Глава седьмая. В которой читатель узнаёт о том, как можно избегать кредиторов
Жан Вальжан подумал было, что Жавер собирается потребовать с него моральную компенсацию за двадцать лет несчастий. Они поравнялись с домом номер семь. Жан Вальжан постучался. Дверь отворилась. — Хорошо, — сказал Жавер. — Входите. Он прибавил с каким-то страшным выражением, преисполненным поистине чудовищного упорства. — Я подожду вас здесь. Жан Вальжан обречённо взглянул на него. Подобная уверенность, особенно высказанная инспектором Жавером, не оставляла ни единого сомнения, что Жавер обязательно дождётся. Он толкнул дверь и направился к лестнице. Подъём по ней занял у Жана Вальжана четверть часа. Это была поистине нескончаемая дорога на Голгофу. Колени бывшего каторжника подгибались, лодыжки перестали слушаться, и сам он, казалось, постарел на двадцать лет. Если бы его прекрасные волосы не поседели ещё в Монрейле, когда он представил, как попадает в тюрьму, а рабочие фабрики делят его богатства, это бы непременно произошло именно сейчас. Дойдя до второго этажа, он остановился. На всяком крестном пути есть свои передышки. Жан Вальжан, преисполнившись робкой надежды, выглянул на улицу и почувствовал, как в крест вонзился ещё один гвоздь. Жавер не ушёл.

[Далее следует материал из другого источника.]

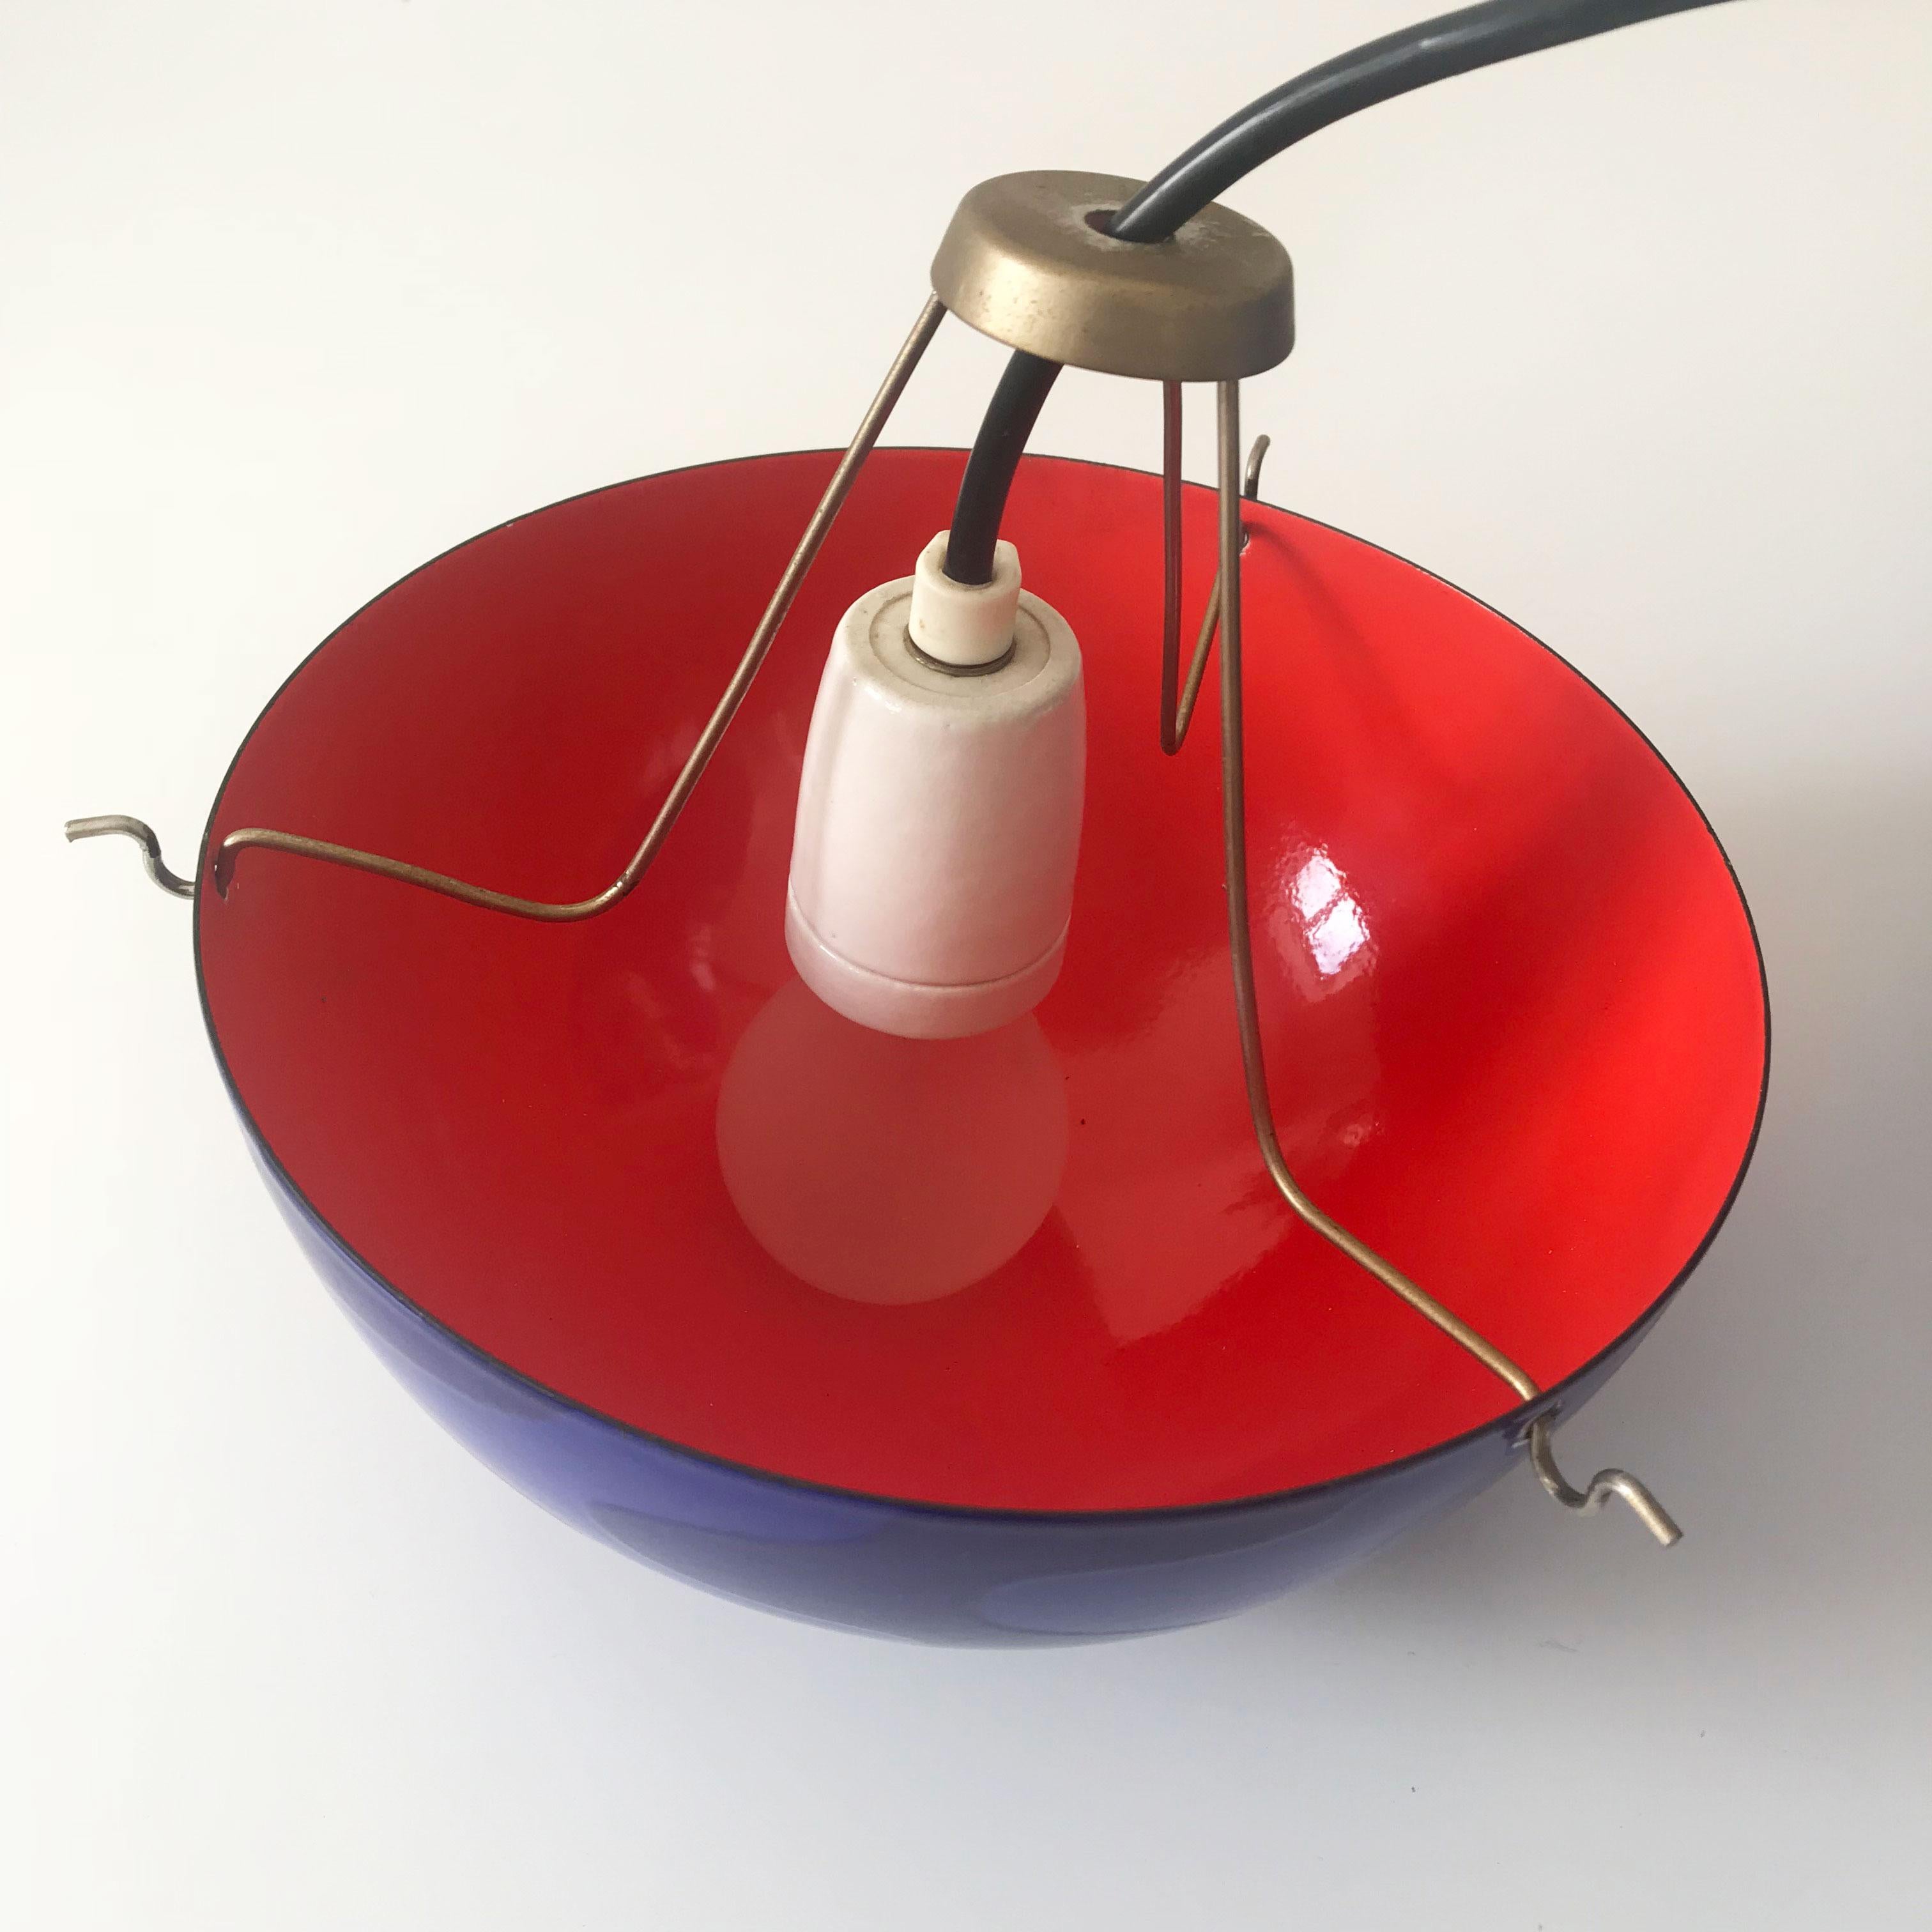 Rare and Large Flower Pot Pendant Lamp by Verner Panton for Louis Poulsen 1971 For Sale 5
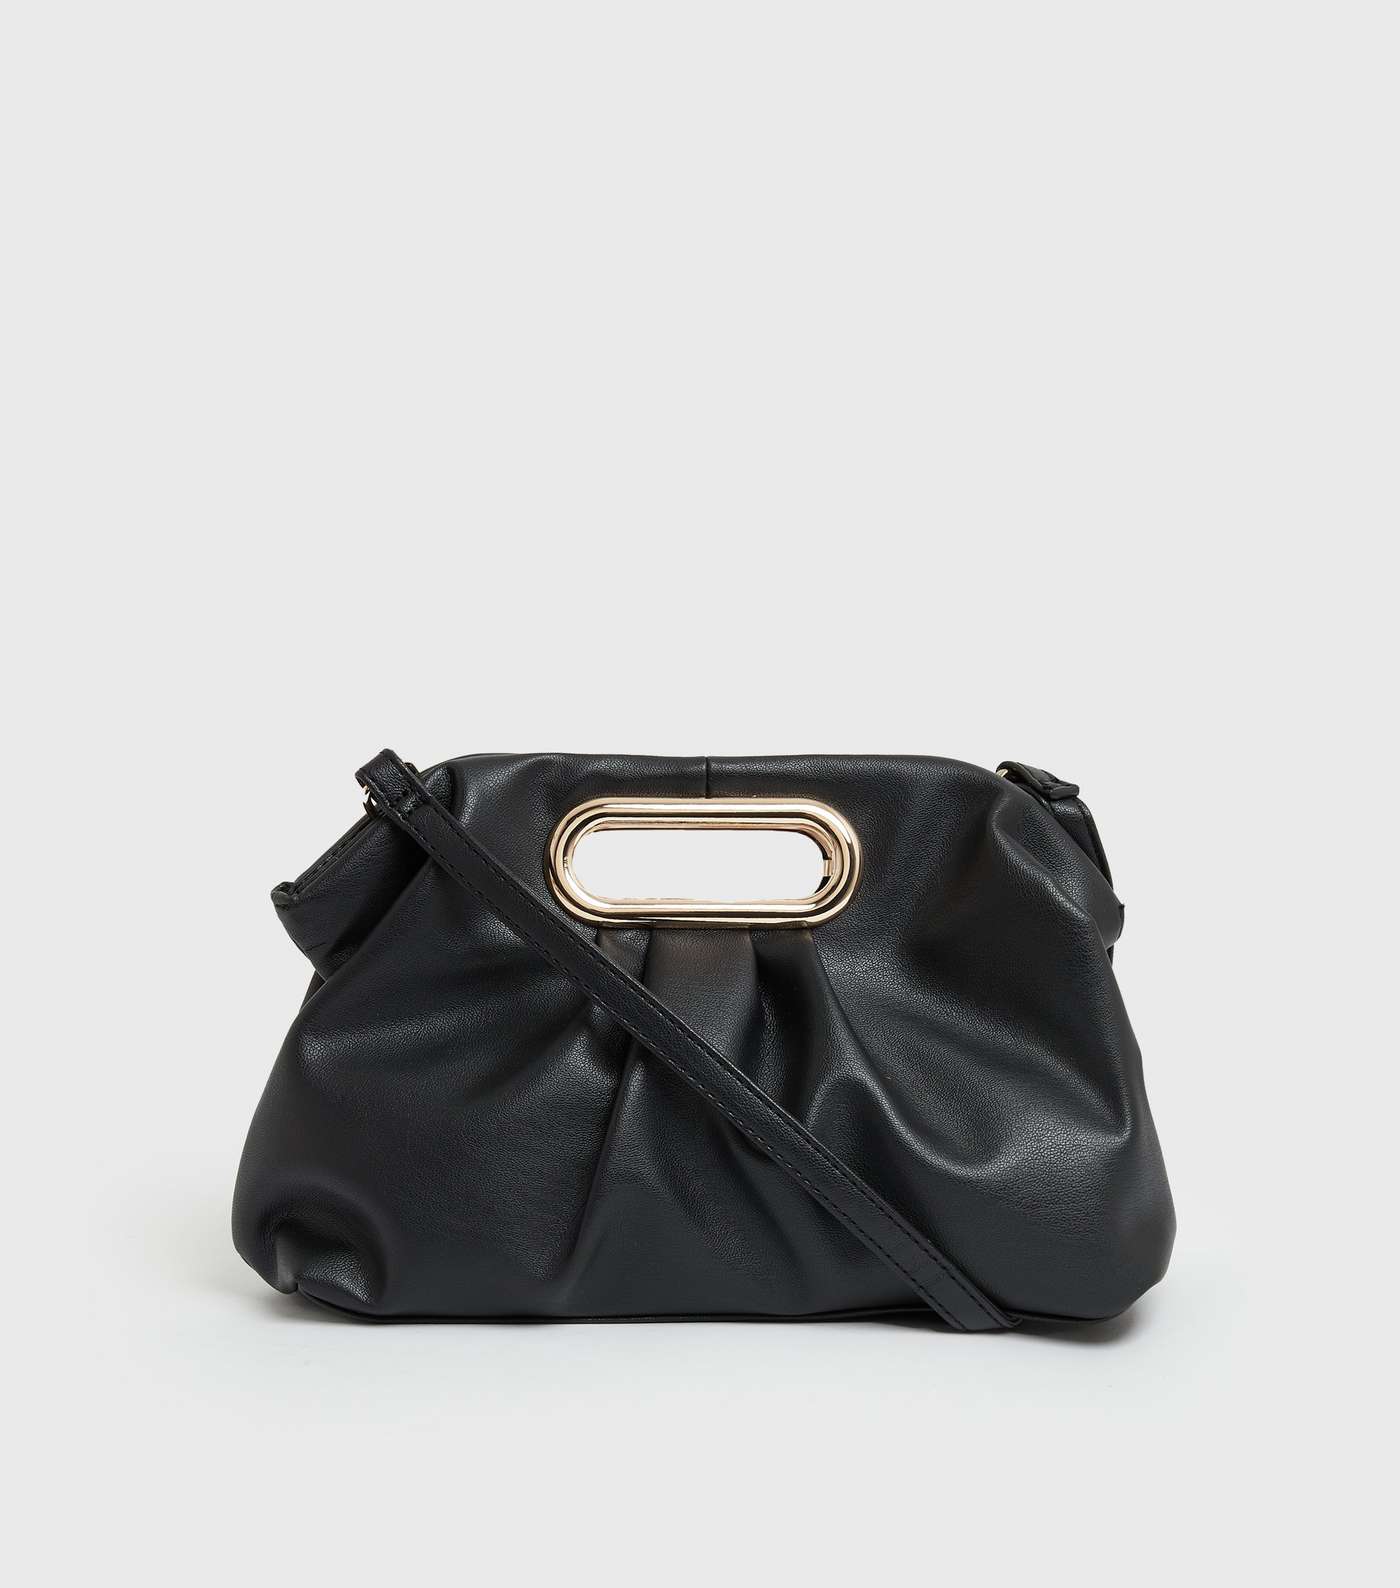 Black Leather-Look Ruched Clutch Bag

Глава восьмая. В которой читатель узнаёт о трагических последствиях проведения денежных реформ
Медленным шагом Жавер удалялся с улицы Вооруженного человека. Он даже забыл, что только что отпустил преступника, каторжника. Другие мысли, более важные, занимали его. Оба должника перестали быть таковыми. Оба должника отдали ему долг. У Жавера в карманах было два раза по двадцать шесть франков, шесть десимов и шесть сантимов. Именно те деньги, что он должен был получить назад. Каждый теперь заплатил ровно столько, сколько сказал извозчик. Только каждый ли? Жавера мучало странное, терзающее, неведомое доселе чувство сомнения. Жавер шёл уже по набережной Сены. Луна ярким пятном выхватывала его высокий силуэт на фоне ночного Парижа. Если каждый из трёх заплатил по двадцать шесть франков, шесть десимов и шесть сантимов, то вместе это дает восемьдесят франков. А восемьдесят франков — это те самые деньги, что потребовал извозчик. И он, Жавер, лично отдал извозчику четыре наполеондора. Четыре наполеондора — это восемьдесят франков. В этом Жавер готов был поклясться. Жавер остановился на мосту Богоматери и глубоко вздохнул. Что-то не давало ему покоя. Как мы уже говорили, он не слишком хорошо умел считать в уме. Жавер никогда бы не подумал, что простому полицейскому придётся воспроизводить такую сложную математическую операцию как умножение. Некоторые его товарищи по службе даже поговаривали, что в полицию он подался именно по этой причине. Жаверу необходимо было прояснить ситуацию с франками как можно скорее. Дальше так продолжаться не могло. Жавер круто развернулся и двинулся в сторону караульного поста на площади Шаттле. *** С мрачной решительностью толкнув дверь, Жавер оказался в небольшом слабо освещённом свечой помещении. Вся его скудная меблировка состояла из простого стула и не менее простого стола, к которому были прикручены большая свинцовая чернильница и небольшой свечной огарок. Жавер взял лист бумаги, оторвал от него четвертую часть, и взял в руку перо.
Вот что он написал:
80 франков = 4 наполеондора 1 франк = 10 десимов = 100 сантимов
Всё верно, такова была французская денежная система. Теперь пришла пора провести расчёты. Девица Жильнорман дала ему один наполеондор, шесть франков, шесть десимов и шесть сантимов, Жан Вальжан - двадцать шесть франков, шесть десимов и шесть сантимов.
Вот что он написал:
26 + 26 = 52 франка 6 + 6 = 12 десимов = 1 франк 2 десима 6 + 6 = 12 сантимов = 1 десим 2 сантима 52 франка + 1 франк 3 десима 2 сантима = 53 франка 3 десима 2 сантима
Теперь предстояло самое сложное. Жавер достал из кармана платок, который был с ним ещё с Тулона, и протёр шею.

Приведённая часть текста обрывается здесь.